What sort of a yarn our mendacious skipper spun to this last vessel we had no means of knowing, as the boat's crew were not allowed to board her; but he succeeded in getting a couple of cases of preserved beef and some small stores. Much to his disgust, however, there was no liquor of any kind to be had. The only thing that the other ship wanted was a few coals for the galley fire; so, while our skipper stayed on board, the boat was sent back for them. Now it was Sunday afternoon, and when Bill and I were ordered to go down into the fore-peak and fill three sacks with coal, we felt much aggrieved. So, grumblingly, we dived into the black pit forrard, and began to fill the sacks. But, suddenly, a bright idea struck us. The only pretence at ship-smartening we were likely to make was "holystoning" the decks, and, to this end, several lumps of sandstone had been saved ever since we left Sydney. Now, I have before noted in what abhorrence holystoning is held by all who have to perform it, and here was a heaven-sent opportunity to make the job impossible. So we carefully interspersed the lumps of stone among the coal in the sacks, taking every precaution to leave not a fragment behind. Away it went to the other ship; it was hoisted on board, our boat returned, a breeze sprang up and we parted company, seeing each other no more. Two or three days after the order was given to get up the holystones for cleaning ship. Words could not express the wrath of the mate when it was reported to him that none were to be found. Every bit of coal in the fore-peak was dug over under his immediate supervision, he getting in a most parlous mess the while, but in vain. I never saw a man get so angry over a trifle. He swore that they had been thrown overboard by somebody, being certain that there had been an ample store. Singularly enough, he never dreamed of the real way of their going, and the actual perpetrators of the certainly immoral act were never even suspected. We had to do the best we could with ashes and brooms, but they made a poor substitute for the ponderous scouring of the stones. I regret to say that neither of us felt the slightest remorse for our deed, and, when we heard the delighted comments of the men were more puffed up, I am afraid, than we should have been by the consciousness of having acted ever so virtuously.

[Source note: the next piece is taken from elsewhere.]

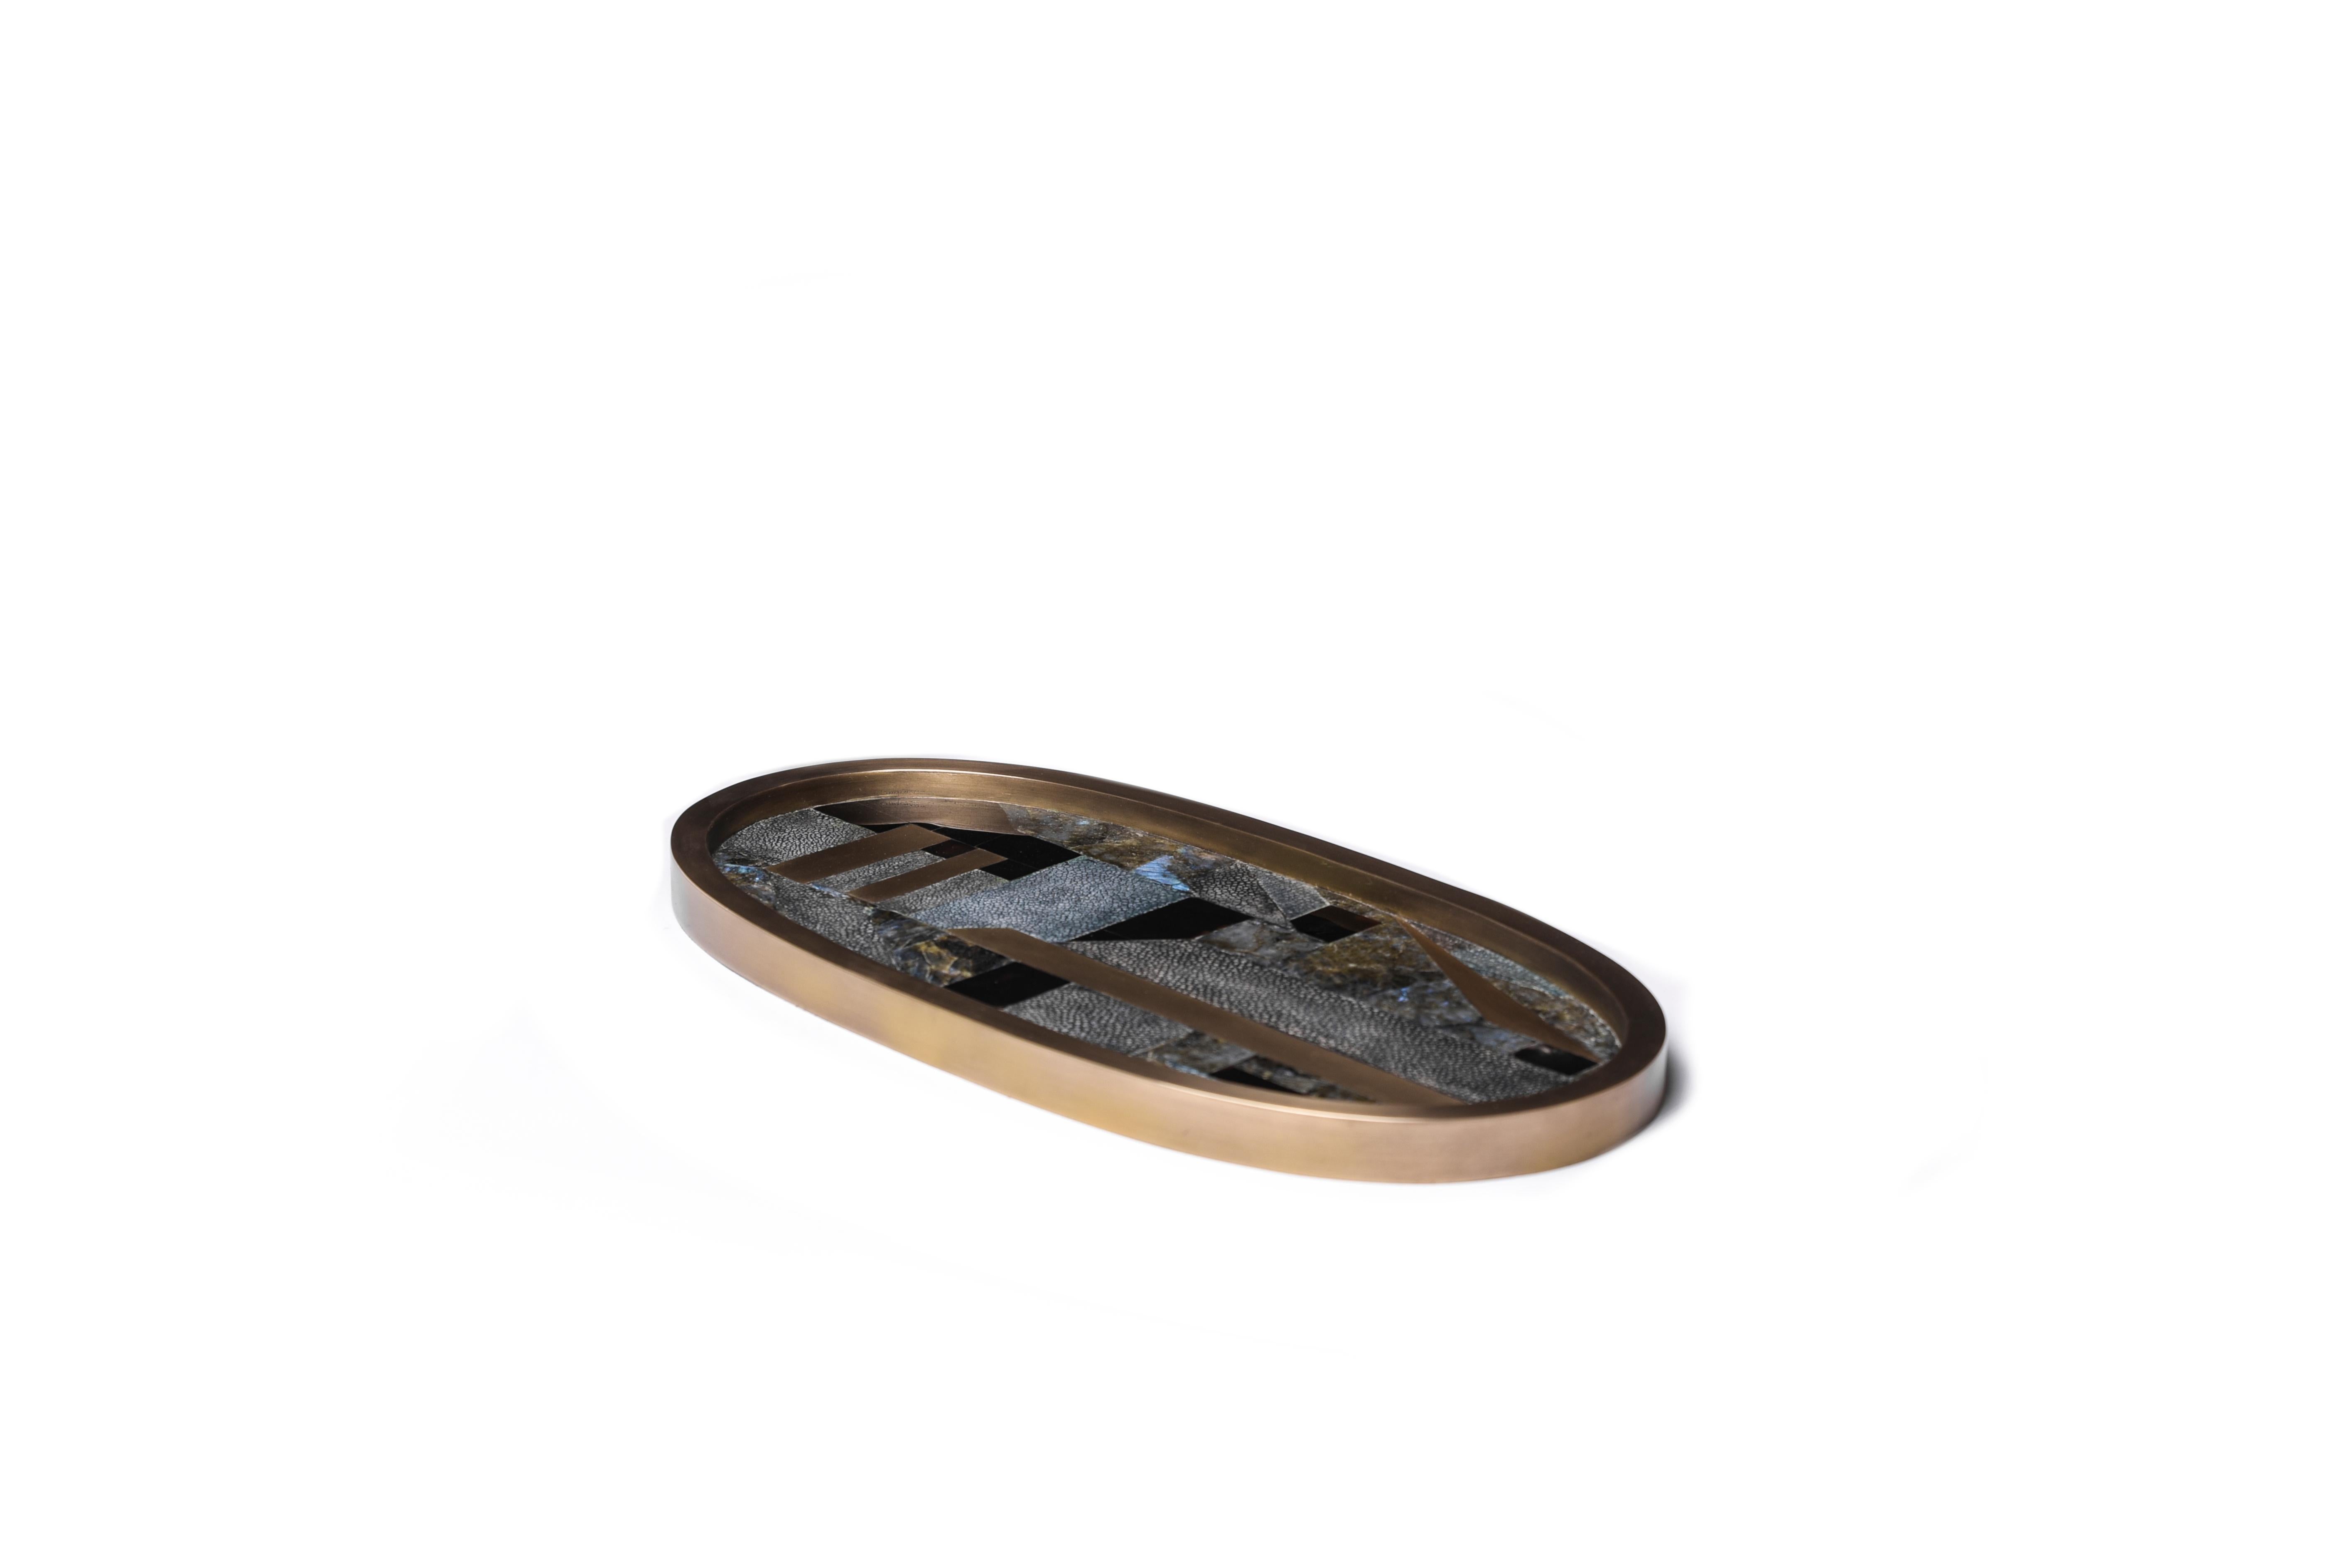 Ein klassisches ovales Tablett für den Waschtisch in neuem Gewand: Dieses geometrische Tablett von Kifu Paris ist mit einer Mischung aus blauem Chagrin, schwarzer Muschel, lemurianischem Quarz und Messing in Bronze-Patina eingelegt, was es zu einem

And now, as we were approaching the area of heavy weather, and our stun'sails were worn almost to muslin, we began to send down the stun'sail gear. The first thing that happened: the ex-cook, in sending down one of the top-gallant stun'sail-booms (a spar like a smooth scaffold-pole), made his "rolling-hitch" the wrong way. Perfectly satisfied that all was in order he sung out to us on deck to "hoist away." The moment we did so, and the boom swung out of the irons in which it had been lying, it assumed a vertical position and slid through the hitch like lightning, just missing the rail, and plunging end-on into the sea alongside. We were going about four knots at the time, and when it sprang upwards again it struck us under the counter with a bang that almost stove in the outer skin of the ship. And, instead of being at all chagrined at such a gross piece of bungling, the offender simply exhausted his copious vocabulary of abuse when the "old man" ventured to rebuke him. Oh, our discipline was grand! Hardly an hour afterwards, in taking in the fore-topmast stun'sail, the halliards carried away. The tack and sheet, rotten as cobwebs almost, followed suit, so we lost that too. The rest of the rags were saved for the old-rope merchant.